To run the codebase, you need Anaconda. Once you have Anaconda installed, run the following command to create a conda environment.

conda create --name omniloc python=3.7
conda activate omniloc
pip install -r requirements.txt -f https://download.pytorch.org/whl/torch_stable.html 
conda install cudatoolkit=10.1

In addition, you must install pytorch_scatter. Follow the instructions provided in the pytorch_scatter github repo. You need to install the version for torch 1.7.0 and CUDA 10.1.

Running

To obtain results for the Stanford-2D-3D-S dataset, run the following command from the terminal:

python main.py --config configs/stanford.ini --log logs/NAME_OF_LOG_DIRECTORY

The config above performs gradient descent sequentially for each candidate starting point. We also provide a parallel implementation of PICCOLO, which performs gradient descent in parallel. While this version faster, it shows slightly inferior performance compared to the sequential optimization version. To run the parallel implementation, run the following command:

python main.py --config configs/stanford_parallel.ini --log logs/NAME_OF_LOG_DIRECTORY

Output

After running, four files will be in the log directory.
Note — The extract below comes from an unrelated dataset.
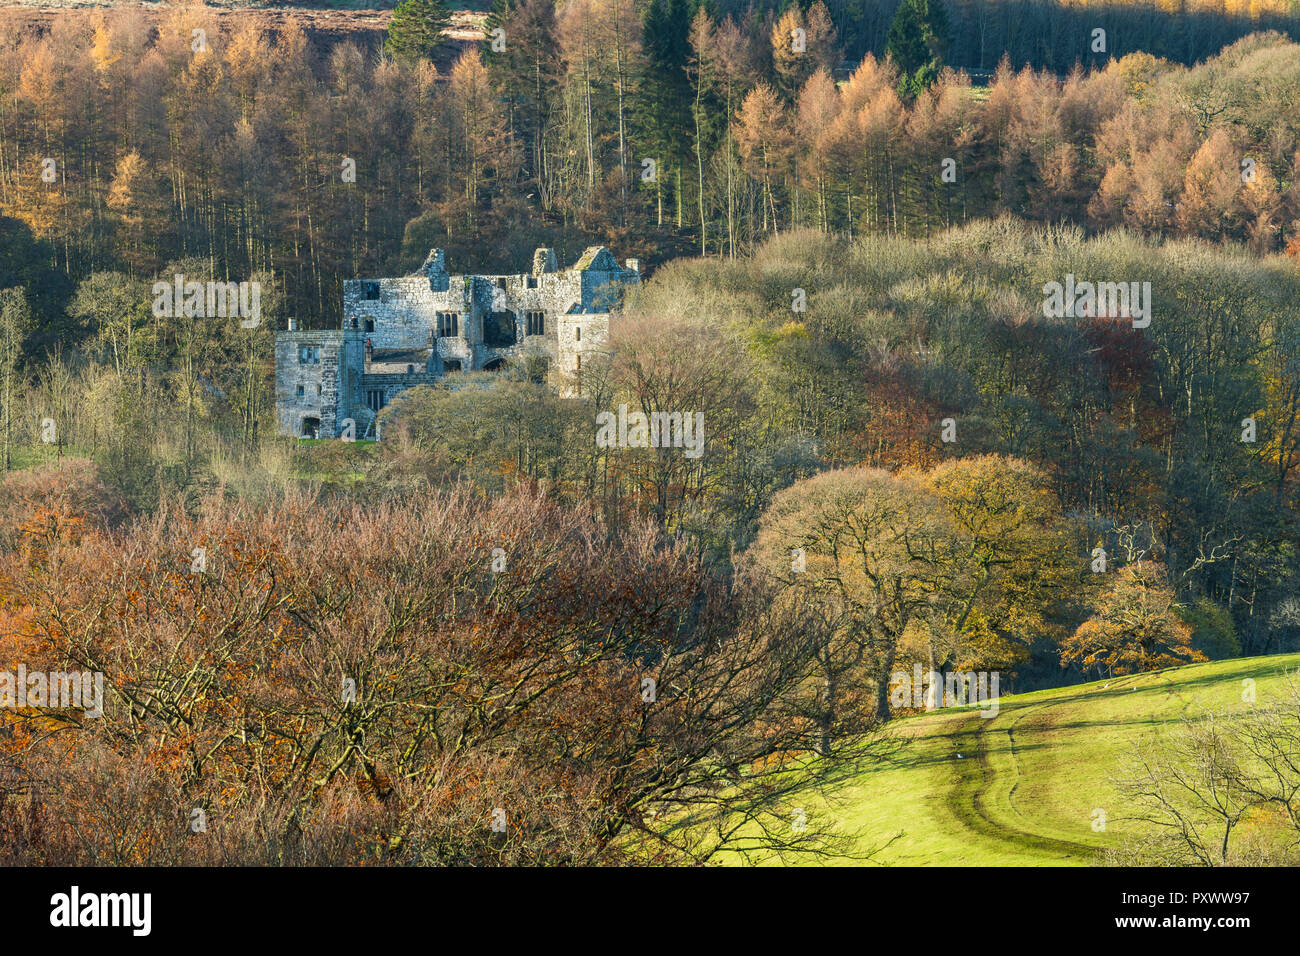 Herbst Blick von Barden Tower, historische Ruinen, die von dichten Wäldern Bäume mit bunten Laub - Bolton Abbey Estate, Yorkshire Dales, England, Großbritannien Stockfoto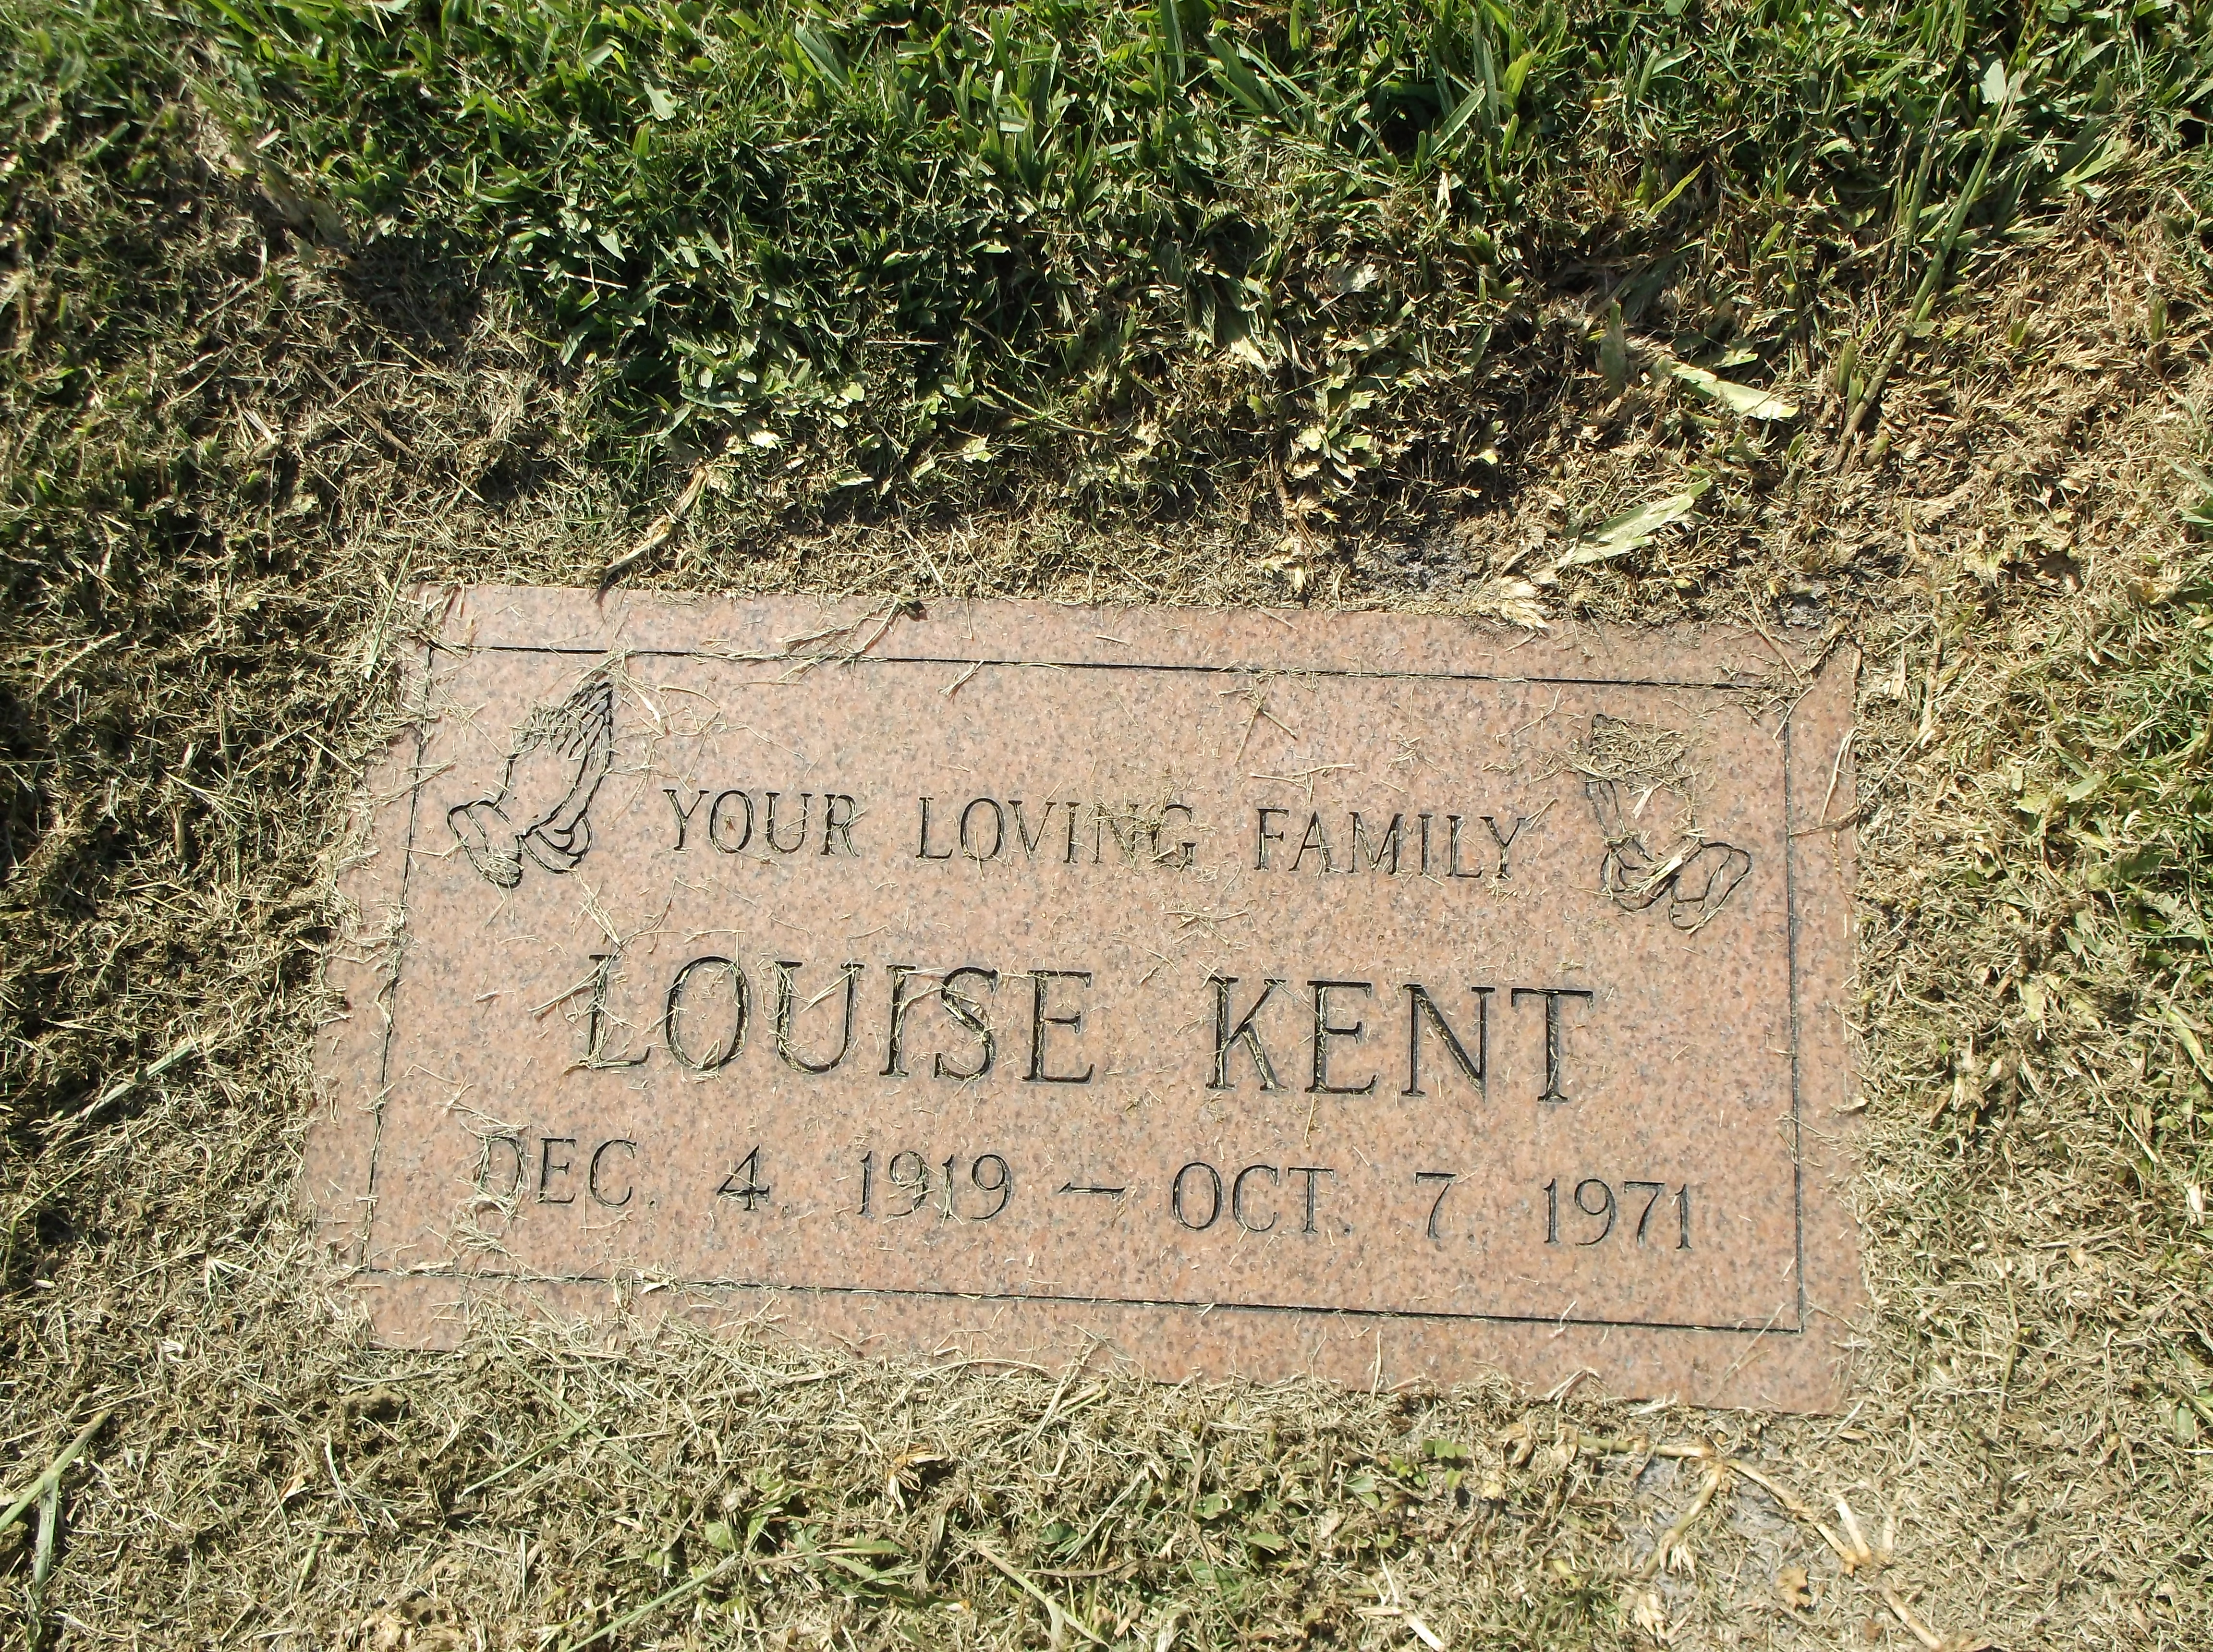 Louise Kent

  • Config file used for PICCOLO
  • Images, made by projecting point cloud using the result obtained from PICCOLO, in NAME_OF_LOG_DIRECTORY/results
  • Csv file which contains the information
    • Panorama image name
    • Ground truth translation
    • Ground truth rotation
    • Whether the image was skipped (skipped when the ground truth translation is out of point cloud bound)
    • Translation obtained by running PICCOLO
    • Rotation obtained by running PICCOLO
    • Translation error
    • Rotation error
    • Time
  • Tensorboard file containing the accuracy

Downloading OmniScenes

OmniScenes is our newly collected dataset for evaluating omnidirectional localization in diverse scenearios such as robot-mounted/handheld cameras and scenes with changes.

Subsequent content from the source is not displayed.